Step 4 — Communicate

  • P1: customer comm via Slack #bookstore-platform-status within 1 hour. Subject: "Catalog latency elevated for tenant ${TENANT} in ${REGION} — investigating."
  • P0 escalation: also email tenant primary contact; status-page update.

Step 5 — Postmortem

  • Open the template: examples/bookstore-platform/runbooks/postmortem-template.md.
  • Due within 48 hours for a P1.
  • Action items required + tracked in the platform's GitHub Project board.

Common false positives

  • Cold start spike after deploy. A new replica's first 60s of requests can spike p99. Mitigation: for: 5m already covers; if flapping, increase to for: 10m.
  • One-off slow query from a debug endpoint. A diagnostic endpoint someone called manually. Mitigation: silence the alert for 30 min if confirmed; do not change the threshold.
  • Cluster autoscaling churn. New nodes coming online during a scale-up. The Pod startup time spikes latency briefly.

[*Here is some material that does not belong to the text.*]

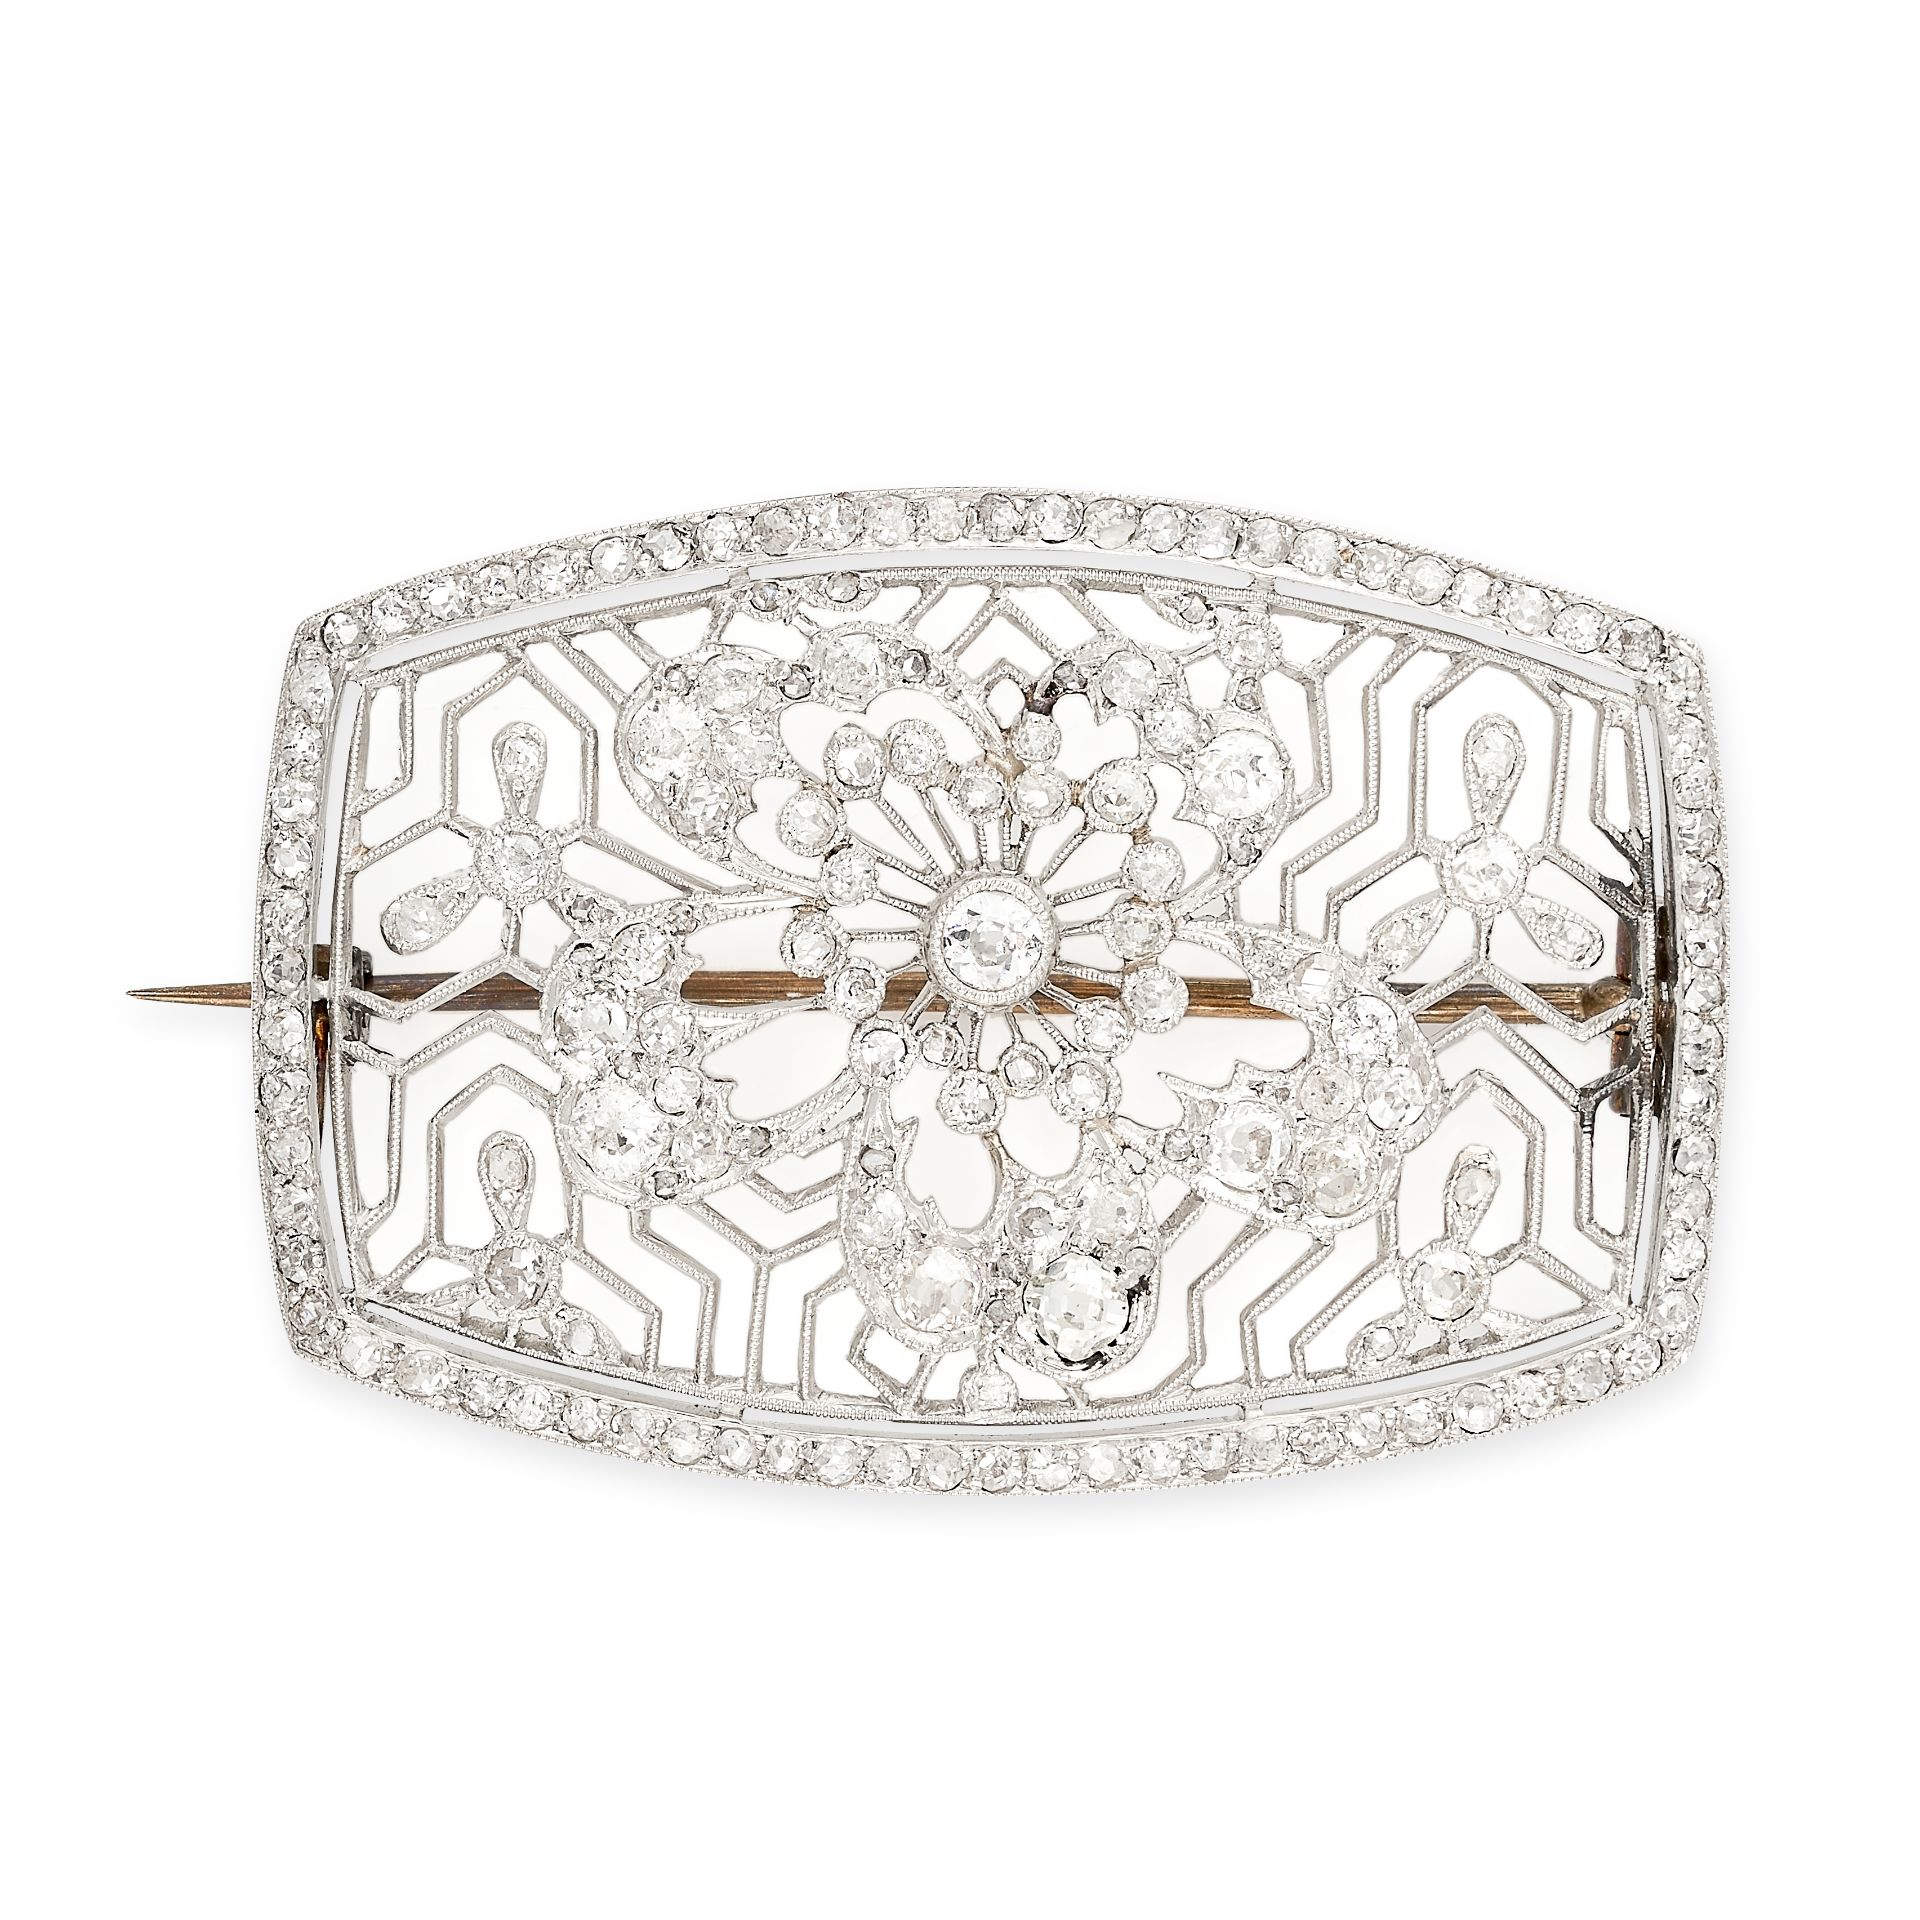 NO RESERVE - AN ANTIQUE FRENCH DIAMOND JAPONISME BROOCH, CIRCA 1910  Made in platinum, openwork

When this runbook last worked

Date Tenant Region Resolved by Notes
2026-04-12 acme-books us-east Step 3a (scale to 6) mid-month traffic spike
2026-03-04 foo-books eu-west Step 3b (rollback) bad query in catalog-1.4.2

If this table is older than 90 days, the runbook is STALE; rehearse it at the next chaos game-day before trusting.